I had a disconcerting conversation recently with a former therapy client who was trying to decide whether or not to marry the woman he had been living with for some time. The woman in question possessed all the qualities he had already decided were essential in a life partner—except that she was not as pretty as some women he had dated. His dilemma was whether or not to continue “shopping around” for what he called a “complete package.” He said he was a little afraid to do that, though, because, as he assured me, in most ways she was a real “find.”

 

Only a few weeks after my conversation with this man, I had an equally disturbing talk with an elderly woman seated beside me on a long plane trip. When she asked what I do for a living and I responded that I am a psychologist, she immediately began to speak negatively about herself. She told me how much more “valuable” I am in society than she; all she had done with her life was get married, take care of a house and raise five children. When I suggested that parenting five children seemed like a very important and difficult task to me and certainly one to be proud of, she insisted that she really wasn’t “worth” much because she never even worked outside the home. “I never earned a cent of money my whole life,” she said. “It’s no wonder that my husband used to say that it ‘cost’ him a lot to keep me and the children. I know he sometimes questioned if we were worth the ‘price.’” My reassurance did nothing to change this woman’s mind about her “value” as a wife and mother, much less as a human being.

Reflecting on my former client’s words and those of the woman on the plane has made me wonder how much our attitude about ourselves and others is affected by the consumer mentality that permeates our culture. Comments I have heard from a number of other people convince me that this is definitely so. I remember a friend of one of my sisters who was surprised that he had to work on his marriage, having assumed that they had completed the “deal” on their wedding day. He had not expected that he would have to “pay” more for his relationship by going to marriage counseling. (I once saw a battered woman for therapy who said she had married her husband because she had gotten no better “offers” and didn’t see herself as much of a “bargain” anyway.)

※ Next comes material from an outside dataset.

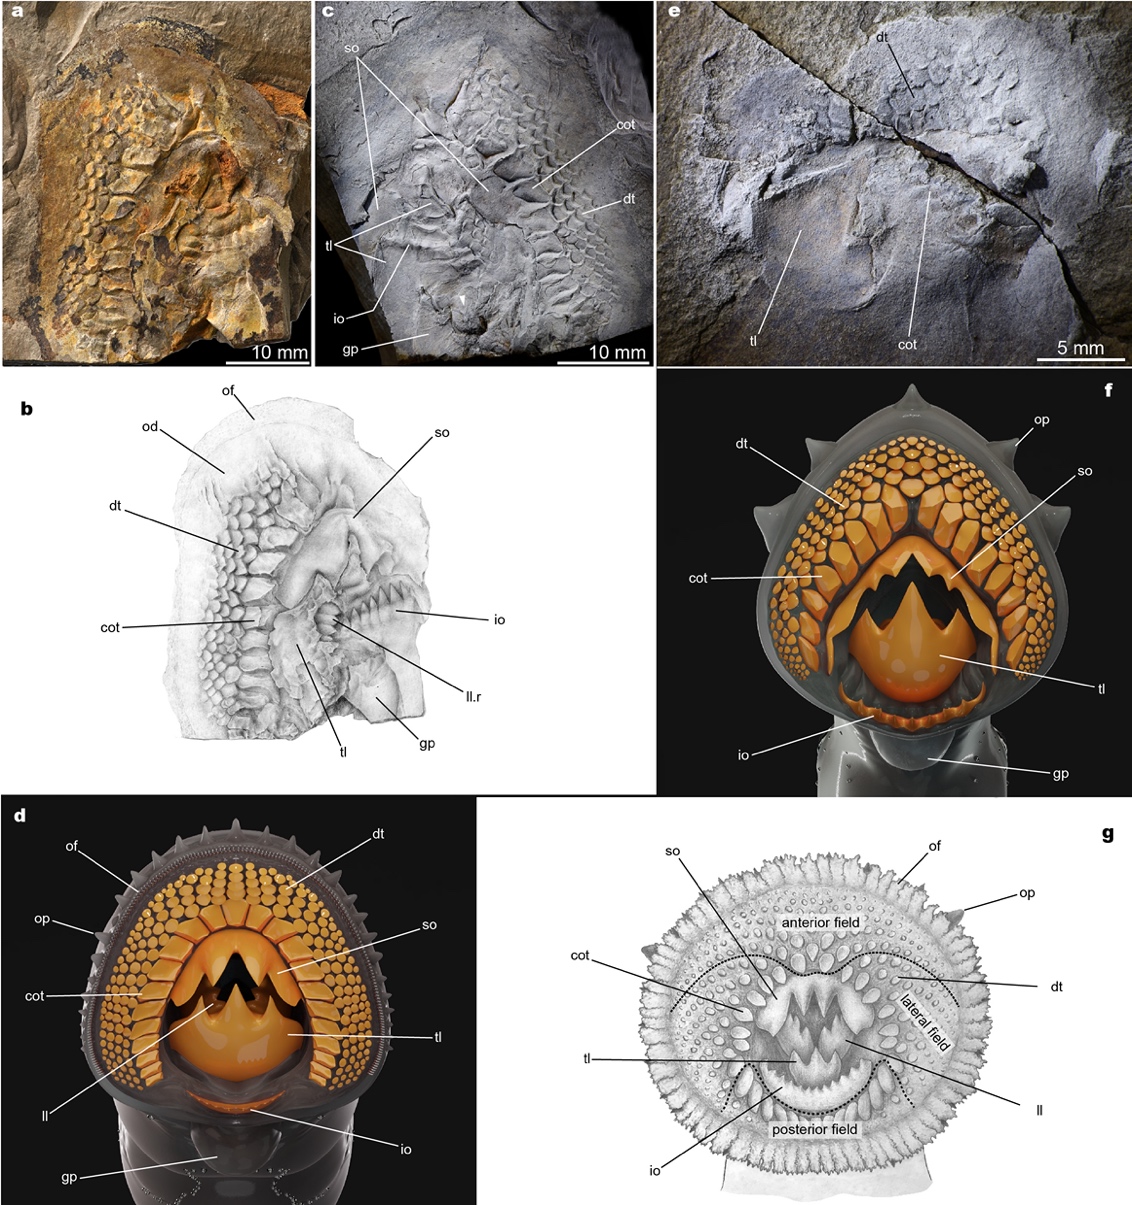 燕辽生物群发现七鳃鳗的侏罗纪食肉祖先
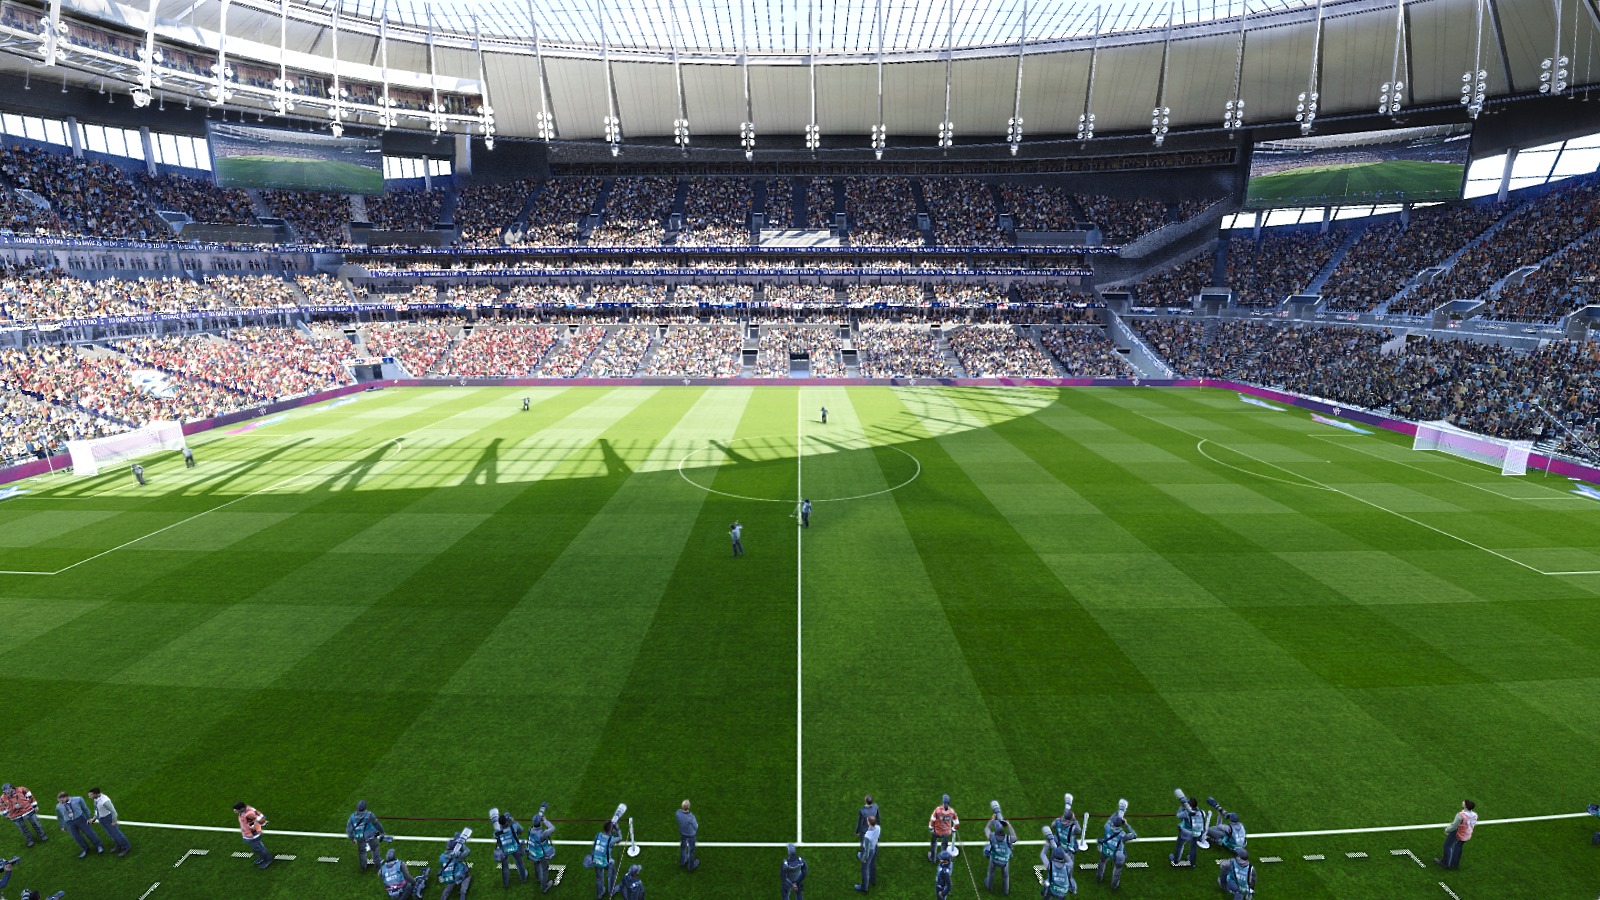 PES 2020 Stadium Tottenham Hotspur + Etihad with Aerial ...

Perhaps the most disheartening remark came from the man who told me he was looking for a “luxury item” in a wife, since he needed someone to make him look good with his colleagues. “She has to look like a million bucks,” he said calmly, with no hint of embarrassment.

Surely our speech betrays us. We tend, unwittingly or not, often to evaluate ourselves and other people much as we assess an object we are considering for purchase. And the advertising industry seems intent on encouraging us to do just that—to make our goal in life the attainment of the best, the latest, the bargain, the most. What is even more distressing is the implication that people can be acquired in the same way: if one buys the automobile shown on the TV screen, he also gets the woman draped across it; if one smokes a certain cigarette, she will soon be coupled with the handsome male puffing it on the overhead billboard.

If we treat people like possessions that we can judge and procure, it is not surprising that we can, with equal ease, discard them when they no longer suit us. The number of broken relationships around us attests to the facility with which we throw away what is not working, what does not fit, what is past its prime. Any similarity between viewing people in this manner and “love” seems coincidental.

But perhaps love, the kind Jesus encouraged, is the only force strong enough to reverse our consumer approach to others. Defining that kind of love would be no small task, but we can be certain at least that it must be more than a transitory feeling that changes when the “price” is too high. Love must be a decision, an act of the will.

It must be more than a feeling if it is to endure, since feelings are not lasting. They come and go, wax and wane. Feelings are, after all, not facts. They are, rather, like visitors who arrive and leave when they please. Feelings cannot be counted on for predictability or permanence any more than visitors stay or go when we might wish.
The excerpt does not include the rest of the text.